Example: Convert Numbers to Roman Numerals
You can convert the Arabic numerals (1, 2, 3, and so on) to Roman numerals by writing a user defined function as shown below. For example, if the input is 1, then the user defined function returns I, which is a Roman numeral. The following code snippet is to convert any number between 1 and 50 to the corresponding Roman numeral.
[Function: ConvertNumber]
;; This code snippet converts only the numbers between 1 and 50 to the corresponding Roman numeral. You need to add appropriate validations to exclude values below 1 and above 50.
Parameter : InputValue : Number
Variable : VarReturnVal : String: ""
01 : While :##InputValue = 50
05 : Set:VarReturnVal:##VarReturnVal+"L"
10 : Set:InputValue:##InputValue-50
15 : End While
20 : While :##InputValue >= 40
25 : Set :VarReturnVal:##VarReturnVal+"XL"

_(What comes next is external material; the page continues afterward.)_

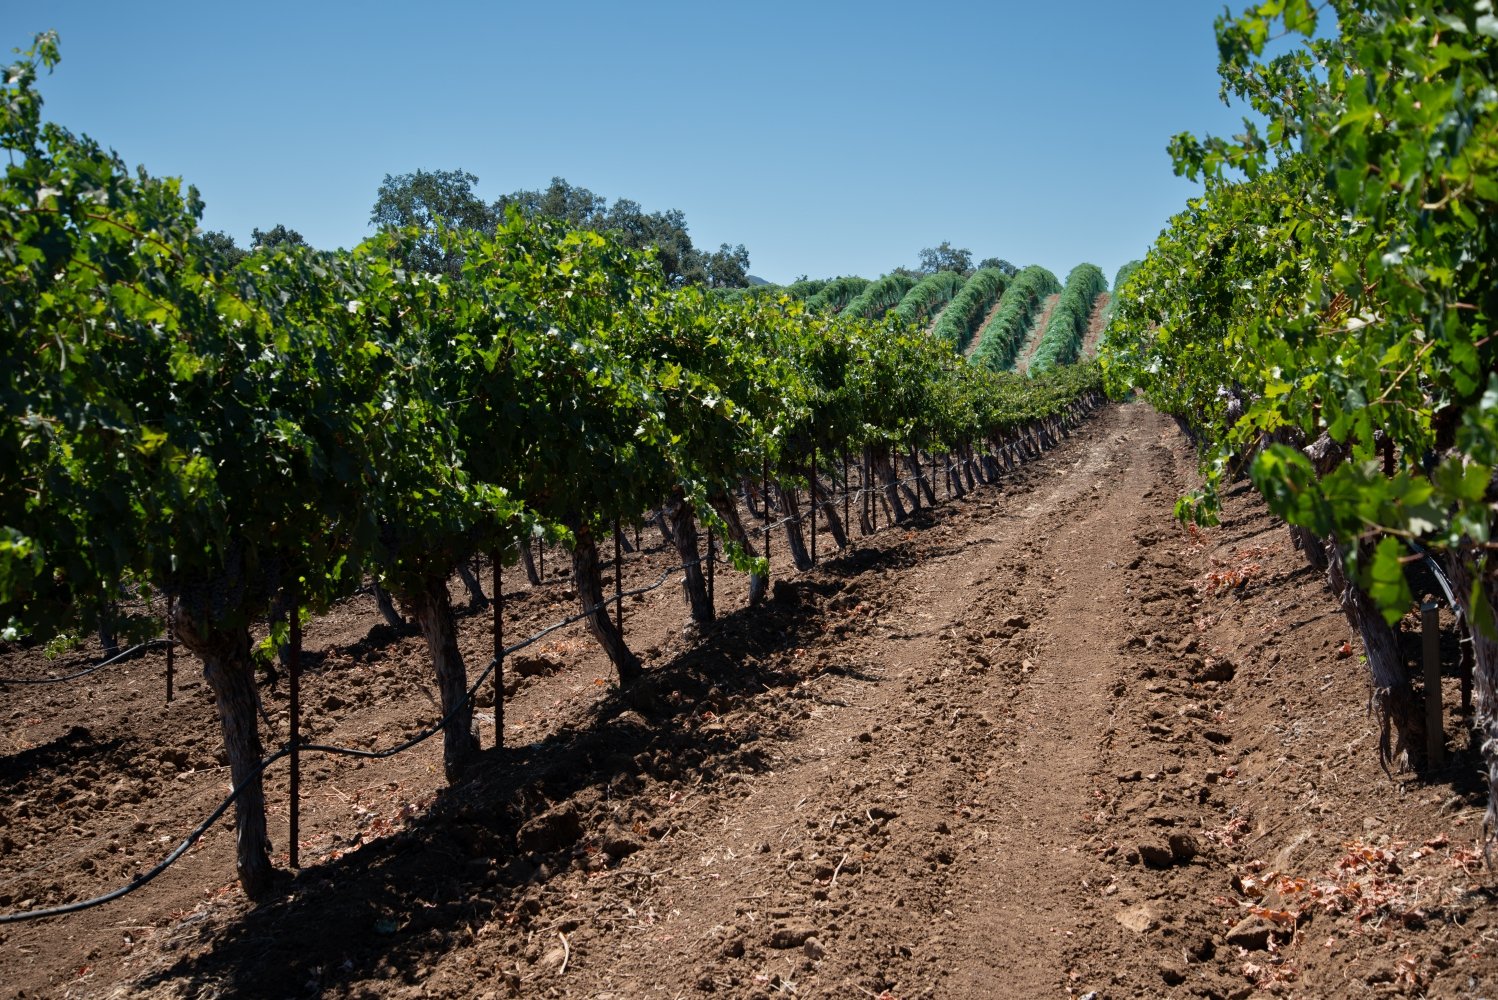 Vineyard vines extending over rolling hills.

30 : Set:InputValue:##InputValue-40
35 : End While
40 : While:##InputValue >= 10
45 : Set:VarReturnVal: ##VarReturnVal+"X"
50 : Set:InputValue:##InputValue-10
55 : End While
60 : While:##InputValue >= 9
65 : Set:VarReturnVal:##VarReturnVal +"IX"

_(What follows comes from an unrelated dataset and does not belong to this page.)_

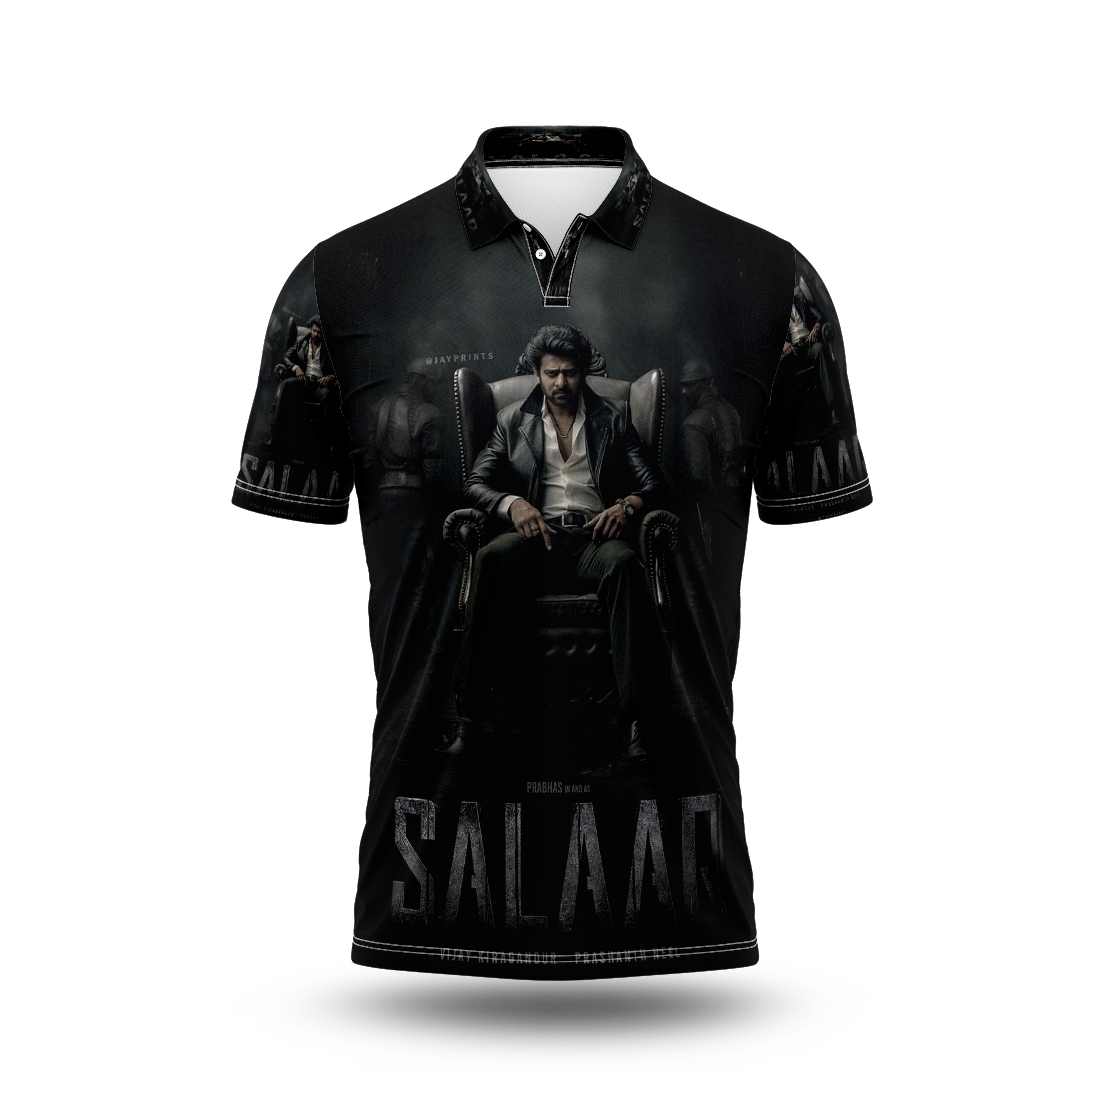 Salaar Prabas Movie Printed T-Shirt.

70 : Set:InputValue:##InputValue-9
75 : End While
80 : While:##InputValue >= 5
85 : Set:VarReturnVal:##VarReturnVal+"V"
90 : Set:InputValue:##InputValue-5
95 : End While
100: While:##InputValue >= 4
105: Set:VarReturnVal:##VarReturnVal+"IV"
110: Set:InputValue:##InputValue-4
115: End While
120: While:##InputValue >= 1
125: Set:VarReturnVal:##VarReturnVal+"I"
130: Set:InputValue:##InputValue-1;
135: End While
140: Return: ##VarReturnValFunction
We all are aware that in TDL, any function, method or formula gets evaluated in the current object context. All the platform defined functions will be executed with the current object and requestor context.
With the introduction of User Defined Functions, another type of context is introduced. This is known as the target context.
Target Context mainly refers to the object context which can be set inside the function, which allows the function to perform manipulation operations for that object, i.e., alteration and creation. The object context of the caller and target object context can be different. It will now be possible to obtain the values from the caller object context and alter the values of the target object with those values.
The User has the option to override the context within the function later or use the same context being passed. He can change the current and target object at any point and also switch target and current object to each other.
$$TgtObject is used to evaluate the value of an expression in the context of the target object.
It is important to note that the parameter values which are passed to the functions are always evaluated in the context of the caller. Parameter specification within the functions is just to determine the data type, order and number of parameters. These are basically the place-holders for values passed from caller object context. The target object context or context switch within the function does not affect the initial values of the parameters. Later, within the function, these values can be altered just like ordinary variables.
We have already discussed above that function can return a value. This can be specified by the function by indicating the data type of the value it returns, no specification assumed as a void function (a function which does not return a value). Each statement (Actions discussed in the next section) used can return a value. This depends on the individual action. Some actions may not return a value. The data type of the return value is also predefined by the action. Return value of the last action executed can be extracted using an internal function ‘$$LastResult’. Any error messages generated from the system can be obtained with $$LastError. This can only be used to determine the result of the intermediate statements used within the function. The final value which is to be returned from the function has to be explicitly given using the RETURN construct discussed in the previous section.